Beberapa waktu lalu saya berbincang-bincang dengan dia, tanpa tatap muka. Lumayan lama kami saling bertukar kata-kata singkat. Meski hal demikian itu hanya sesekali terjadi (oh, well, memang sangat jarang terjadi).
Saat itu kami sama-sama sedang dalam kondisi santai. Mungkin saja.
Saya benar-benar mengenal dia (maksud saya, mengetahui namanya) lebih dari dua tahun lalu. Tapi saya tetap saja jaraaaanngg sekali bertemu dengannya. Dan saya tidak memusingi itu.
Lalu belum genap setahun lalu, saya bertemu dia lagi. Kali ini saya lebih peduli dengannya. Saya mengajaknya bicara seolah telah lama mengenalnya. Saya berusaha menaruh minat yang tinggi pada hal yang dia sukai. Saya berpura-pura. Agar dia tak kecewa.
Beberapa bulan setelah itu, saya bertemu dia lagi. Sebenarnya saya tidak berharap itu. Tapi Tuhan Menginginkan. Mungkin untuk membuat kami sama-sama tersenyum. Atau membuat kami berpikir dan mengingat apa yang telah kami lewati. Saya tersenyum melihat wajahnya yang lucu. Dia tersenyum melihat senyum saya. Sepertinya kami sama-sama senang. Kami masih menyimpan kenangan saat itu.

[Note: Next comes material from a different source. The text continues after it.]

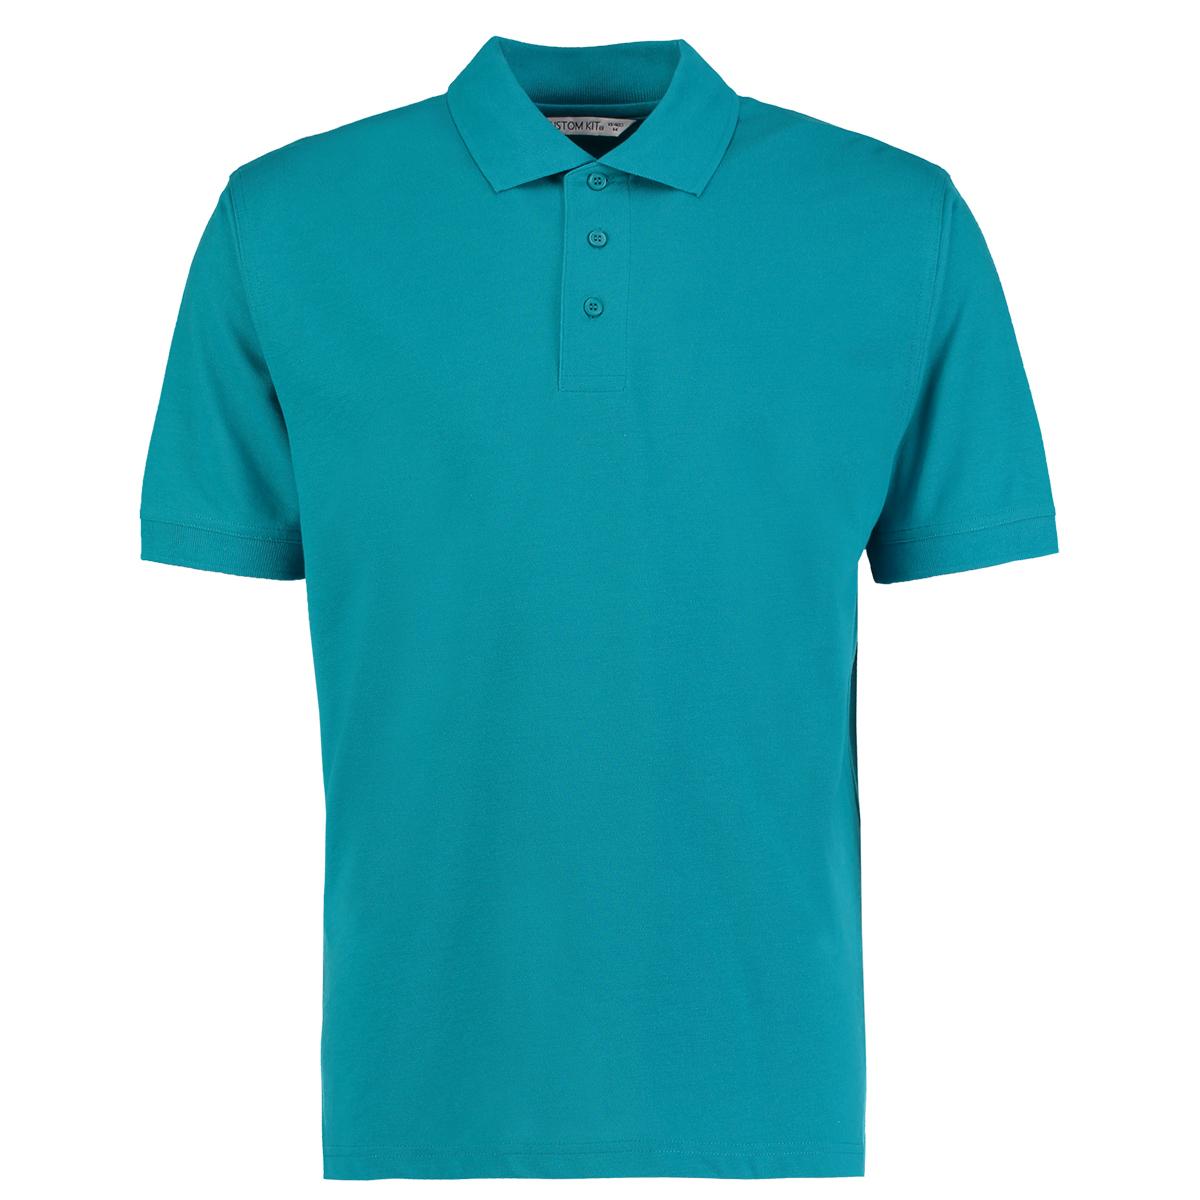 Kustom Kit Uomo Classico Polo T-shirt KK403 Comfort Casual Fashion Wear Maglia Top

Nah, dalam kurun dua tahun lebih, kami hanya bertemu sekian kali. Tapi ada sesuatu yang tidak beres kemudian…
“Itulah cara terbaik yang bisa dia lakukan untukmu. Sebaiknya kamu menahan diri dari rasa ingin tahu…” kata Abang.
Suatu saat, dia berdoa untuk saya. Saya mengaminkan. Saya suka dengan doa itu. Membayangkan bahwa dia berharap untuk saya seperti itu (dengan sedikit senyuman), membuat saya tertawa.
Well, mungkin kelak, kami akan bertemu unta di saat yang sama dan di tempat yang sama. Mungkin juga tidak salah satunya atau dua-duanya.
Dia tidak lahir di tanah Arab. Dia tidak tahu bahasa Arab kecuali beberapa kata saja. Dia bukan juragan unta. Dia tidak mirip unta. Dia tidak memiliki punuk layaknya unta. Dia tidak berjalan lambat seperti unta. Dia sama sekali bukan unta!